Pickling is the process of converting a Python object (such as a list, dictionary, or class object) into a byte stream so that it can be saved to a file or transmitted over a network.
In the below example, a Python dictionary is saved (pickled) to a file and then loaded (unpickled) back, printing the original dictionary.
import pickle
data = {'name': 'Jenny', 'age': 25}
pickle.dump(data, open('data.pkl', 'wb'))
loaded = pickle.load(open('data.pkl', 'rb'))
print(loaded)
Output
{'name': 'Jenny', 'age': 25}
Explanation:
- import pickle: Imports the pickle module to handle serialization.
- data = {...}: Creates a Python object to be saved.
- pickle.dump(data, open('data.pkl', 'wb')): Serializes (pickles) the object and writes it to data.pkl.
- 'wb' means write in binary mode.
- loaded = pickle.load(open('data.pkl', 'rb')): Reads the file and deserializes (unpickles) it back into a Python object.
- 'rb' means read in binary mode.
Object Serialization and Deserialization
Object Serialization converts a Python object into a byte stream for storage or transmission, and deserialization restores it back. In Python, both are done using the pickle module.
In this image, a Python object is converted into a byte stream during serialization, which can be stored in a file, database, or memory. Later, the byte stream is converted back into the original object during deserialization.
.png)
Example 1: Pickling without a File
In this example, we will serialize the dictionary data and store it in a byte stream. Then this data is deserialized using pickle.loads() function back into the original Python object.
import pickle
Leo = {'key' : 'Leo', 'name' : 'Leo Johnson',
'age' : 21, 'pay' : 40000}
Harry = {'key' : 'Harry', 'name' : 'Harry Jenner',
'age' : 50, 'pay' : 50000}
db = {}
db['Leo'] = Leo
db['Harry'] = Harry
b = pickle.dumps(db)
myEntry = pickle.loads(b)
print(myEntry)
Output
{'Leo': {'key': 'Leo', 'name': 'Leo Johnson', 'age': 21, 'pay': 40000}, 'Harry': {'key': 'Harry', 'name': 'Harry Jenner', 'age': 50, 'pay': 50000}}
Explanation:
- pickle.dumps(obj): Serializes obj to a bytes object instead of a file.

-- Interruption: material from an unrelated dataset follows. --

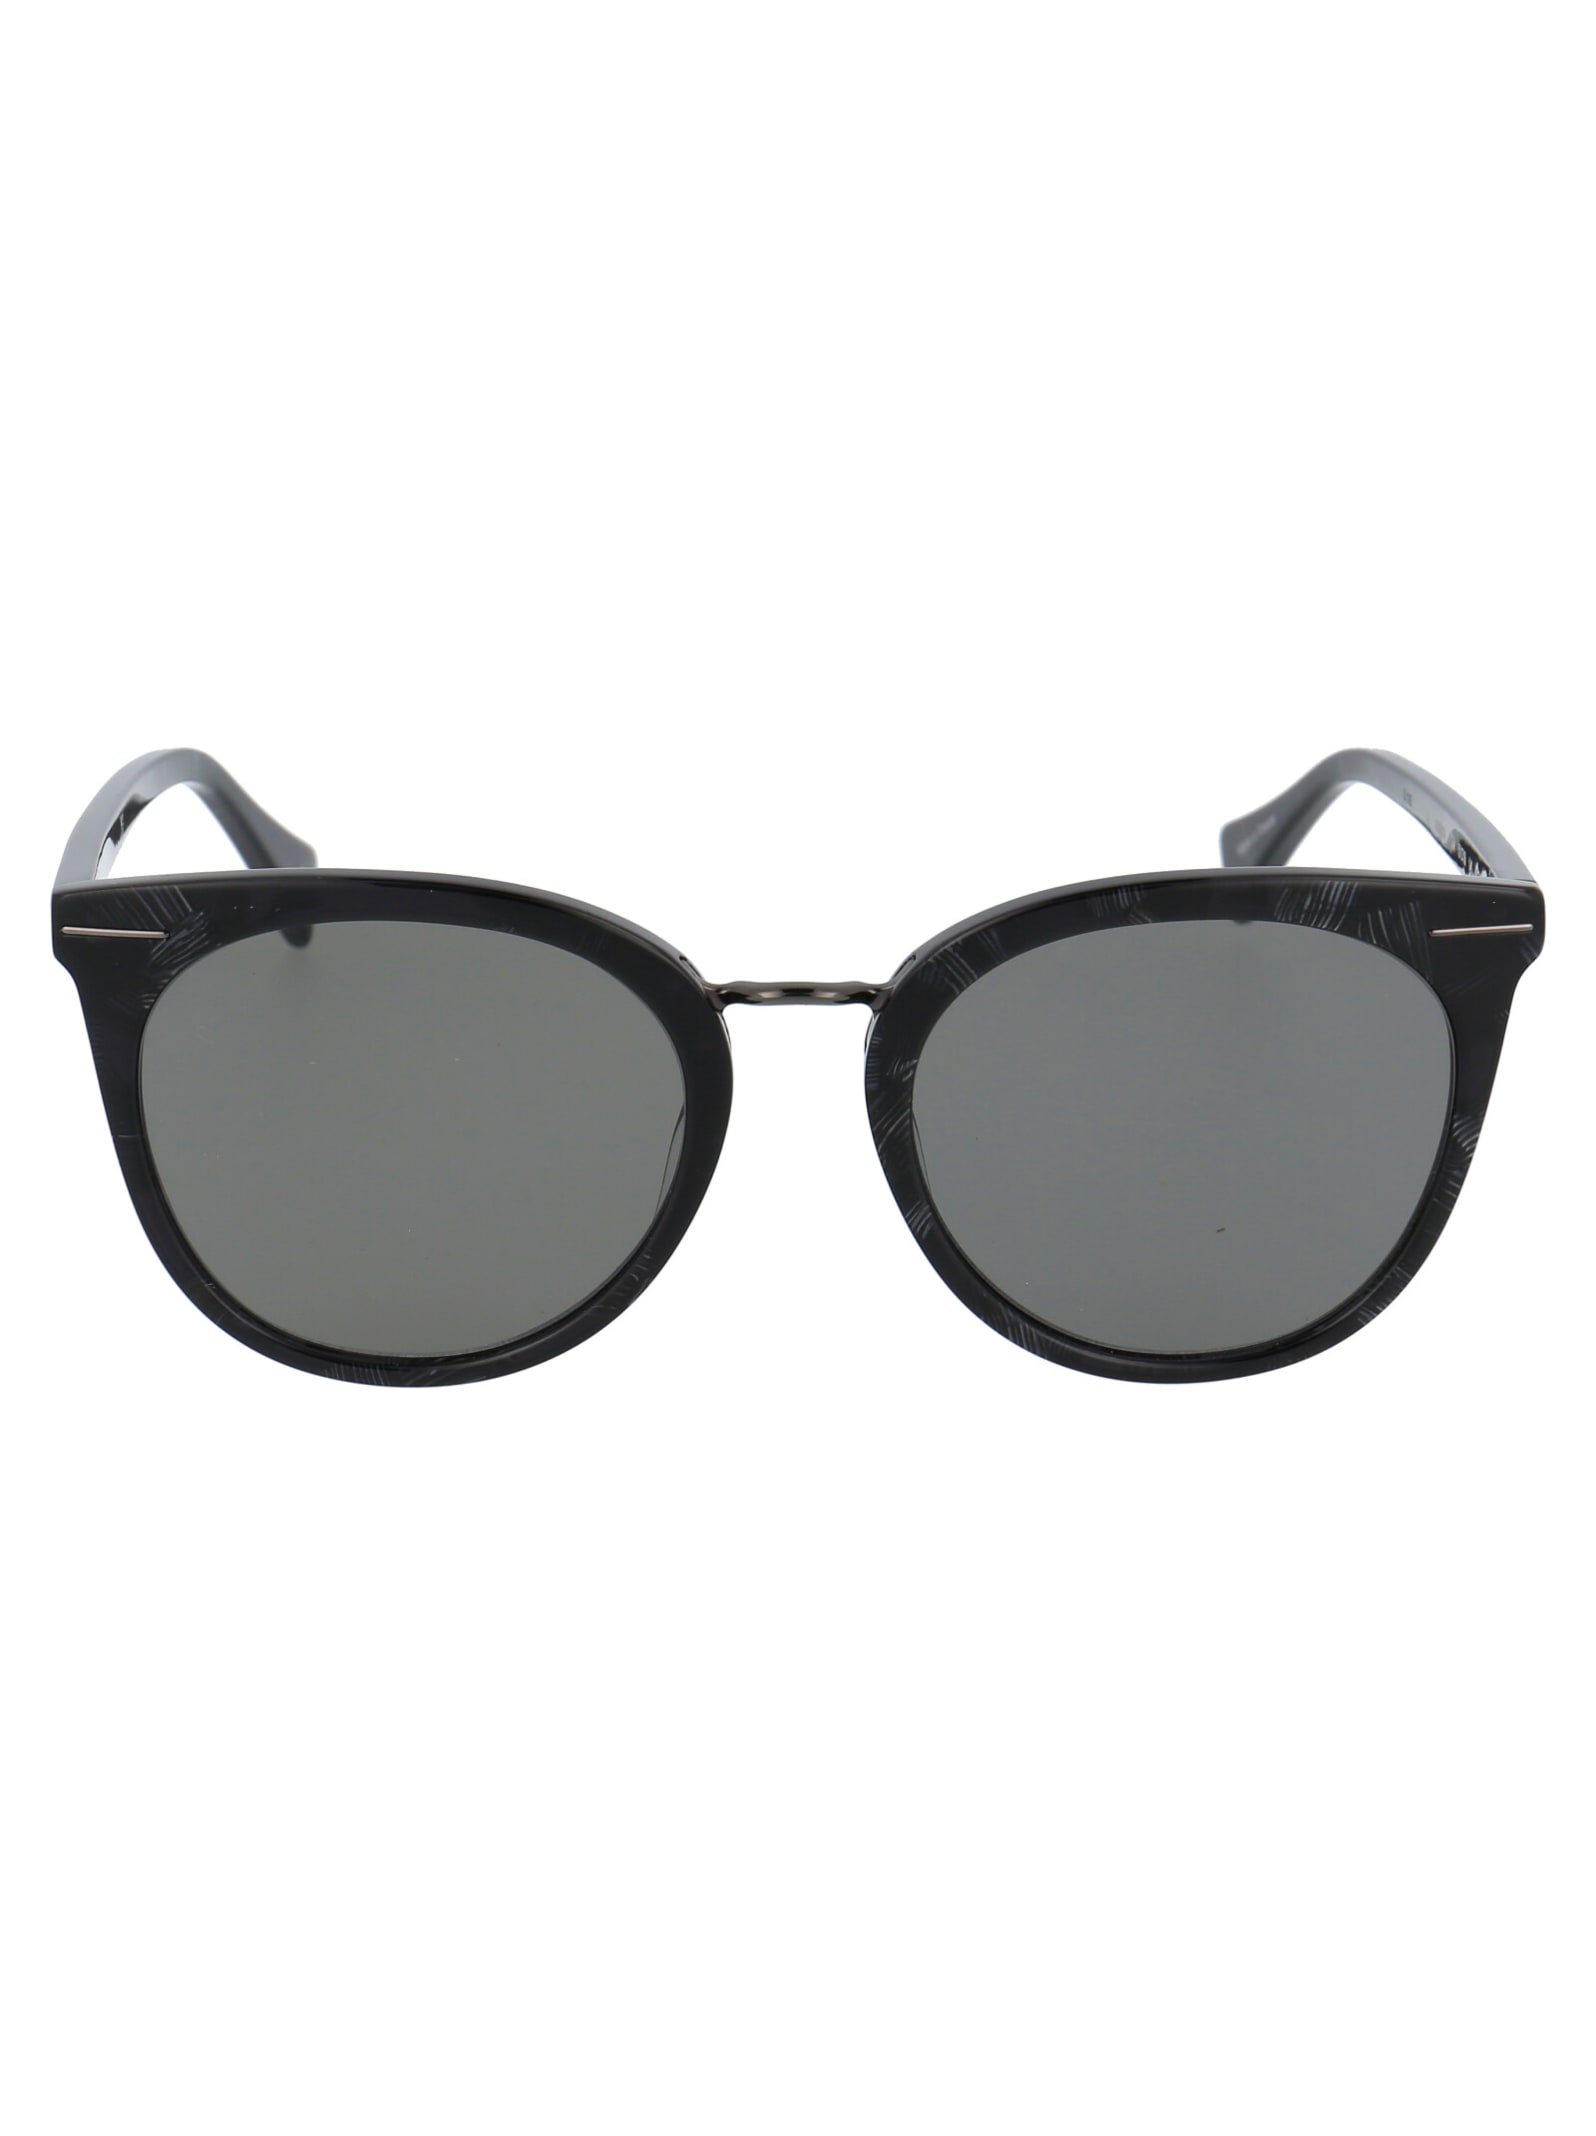 Yohji Yamamoto Ys5006 Sunglasses
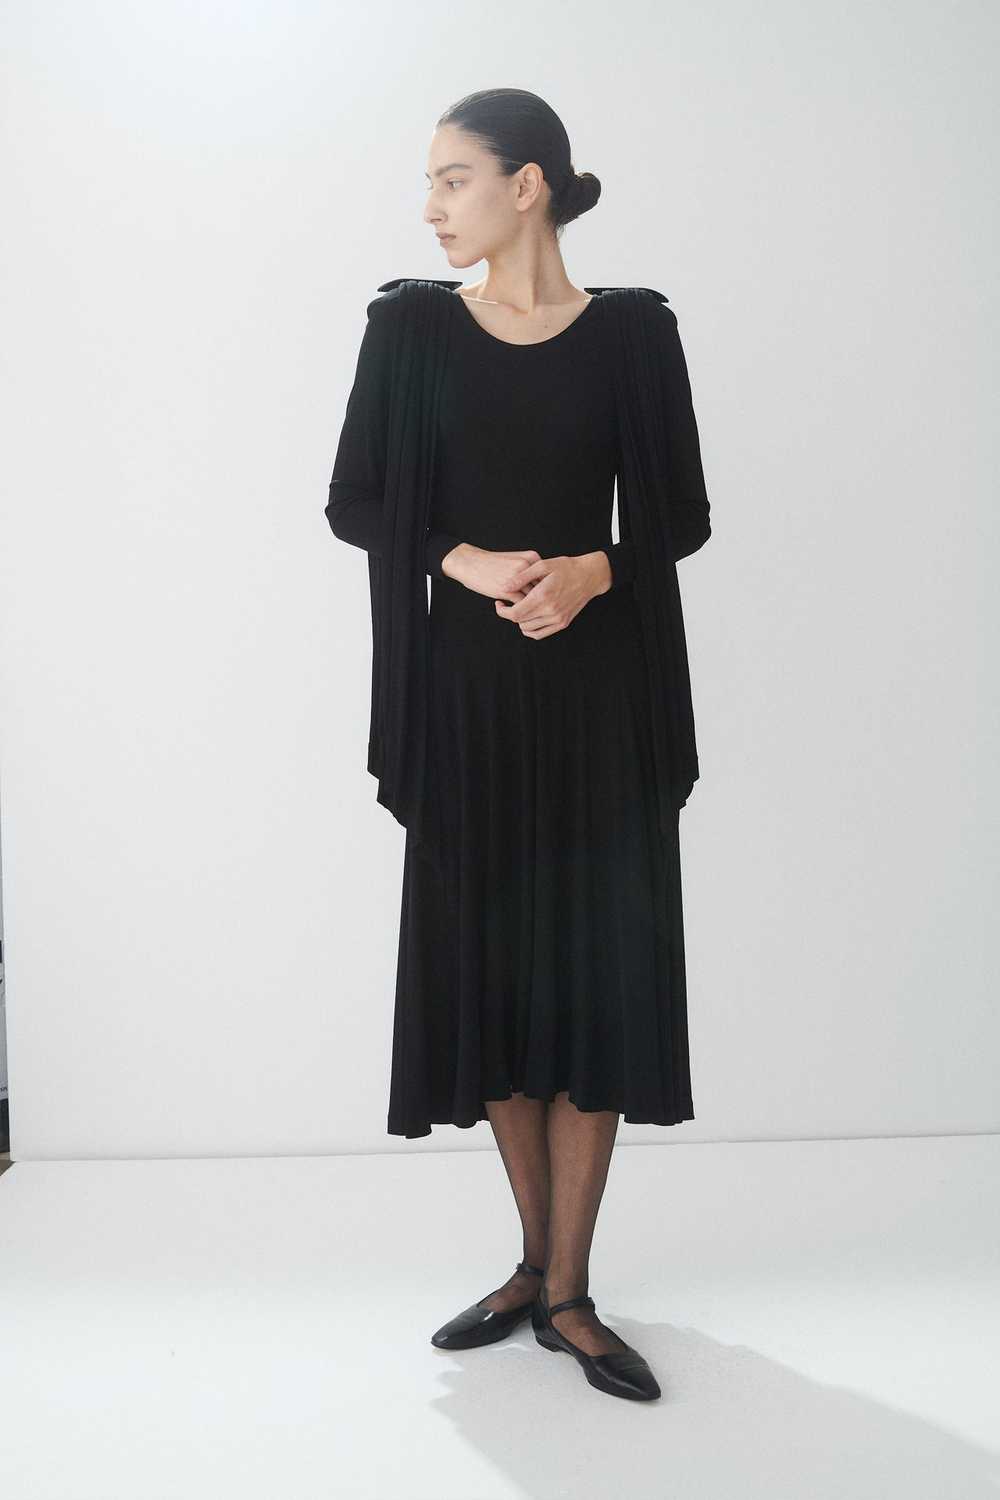 Jean Muir Black Draped Dress - image 4

- pickle.loads(bytes_obj): Deserializes the bytes back into the original Python object.
Example 2: Pickling with a File
In this example, we will use a pickle file to first write the data in it using the pickle.dump() function. Then using the pickle.load() function, we will load the pickle file in Python script and print its data in the form of a Python dictionary.
import pickle
Leo = {'key': 'Leo', 'name': 'Leo Johnson', 'age': 21, 'pay': 40000}
Harry = {'key': 'Harry', 'name': 'Harry Jenner', 'age': 50, 'pay': 50000}
db = {}
db['Leo'] = Leo
db['Harry'] = Harry
with open('examplePickle', 'ab') as dbfile:
pickle.dump(db, dbfile)
with open('examplePickle', 'rb') as dbfile:
try:
while True:
db = pickle.load(dbfile)
for key in db:
print(key, '=>', db[key])
except EOFError:
pass
Output
Leo => {'key': 'Leo', 'name': 'Leo Johnson', 'age': 21, 'pay': 40000}
Harry => {'key': 'Harry', 'name': 'Harry Jenner', 'age': 50, 'pay': 50000}
Explanation:
- 'ab' mode: Append binary (store multiple objects).
- 'rb' mode: Read binary.
- EOFError: Indicates end of file when reading multiple pickled objects.
Advantages
- Supports complex objects including user-defined classes
- Handles recursive objects (objects referencing themselves)
- Preserves shared references between objects
- Faster serialization compared to text-based formats like JSON
Disadvatages
- Python-version dependent: Pickle files created in one Python version may not work in another.
- Not human-readable: Pickle data is binary and cannot be easily edited.
- Security risk: Unpickling data from untrusted sources can execute malicious code.
- Not ideal for large datasets: Can be inefficient for very large data compared to other formats.